-- Task objective --
Excluding all pictures, please output the listing exactly.

··· Data provided

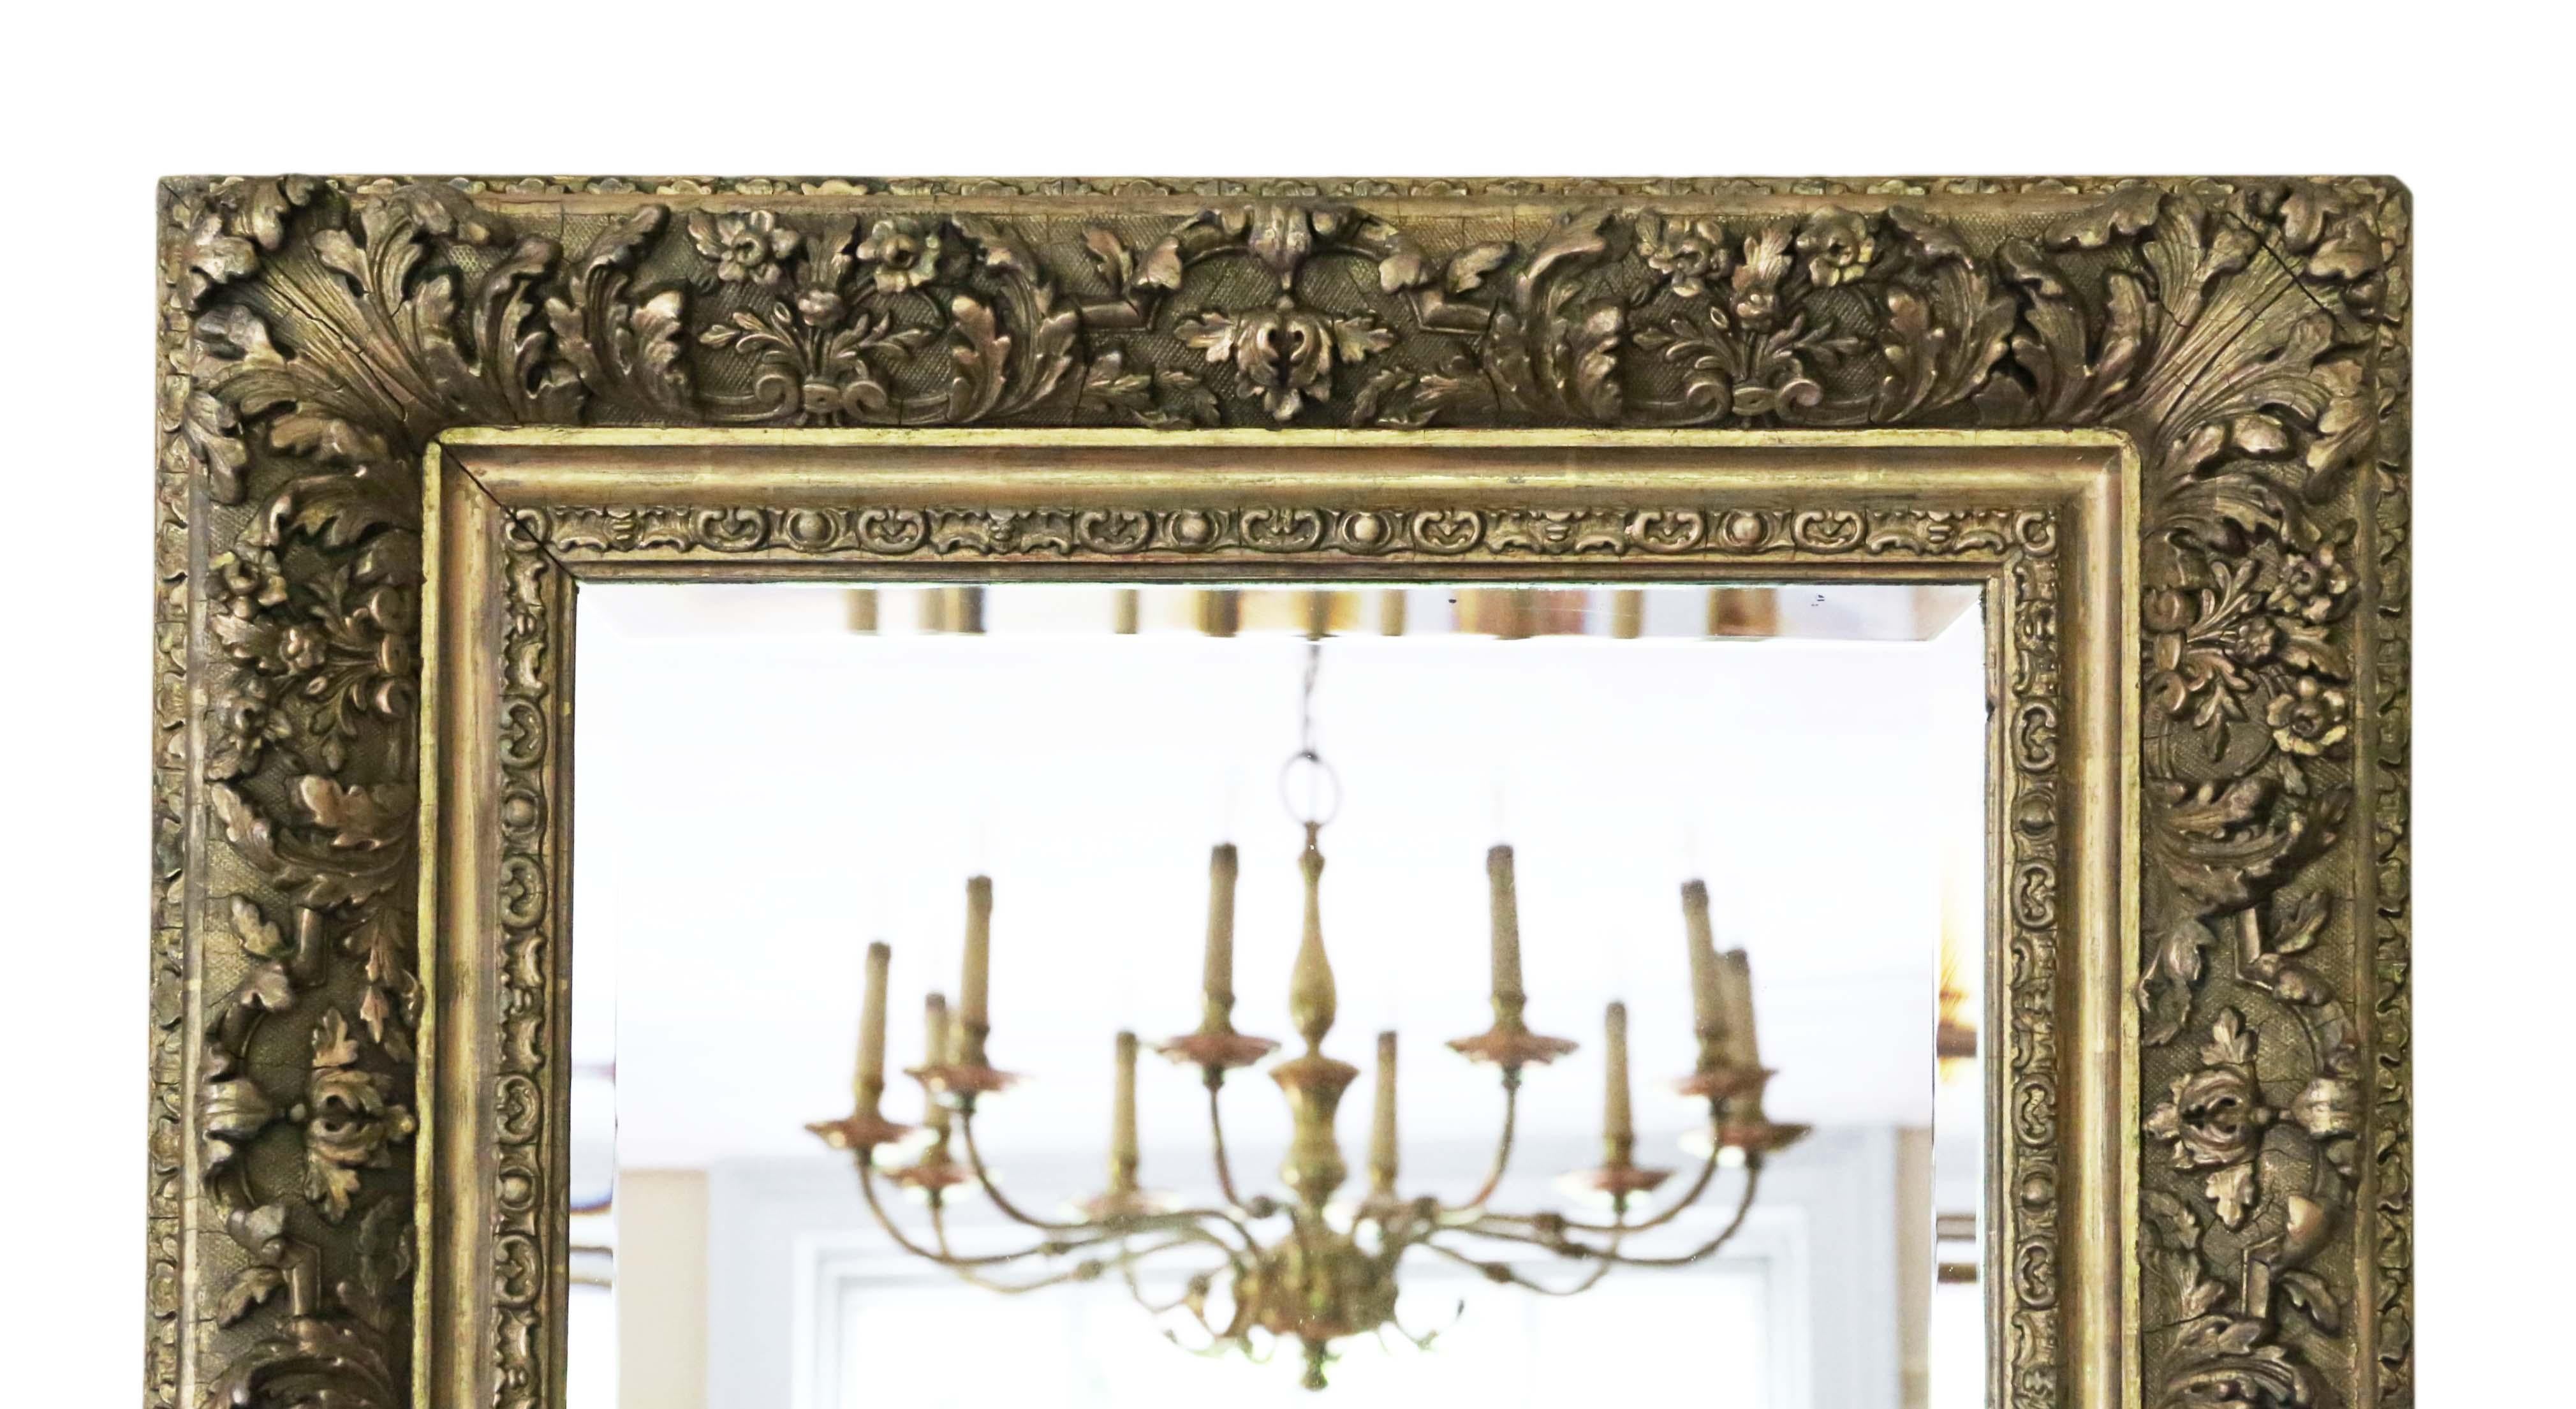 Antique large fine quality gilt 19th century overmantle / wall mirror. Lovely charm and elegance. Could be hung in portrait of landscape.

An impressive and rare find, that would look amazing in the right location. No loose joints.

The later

······

-- Expected output --
 Antique large fine quality gilt 19th century overmantle / wall mirror. Lovely charm and elegance. Could be hung in portrait of landscape.

An impressive and rare find, that would look amazing in the right location. No loose joints.

The later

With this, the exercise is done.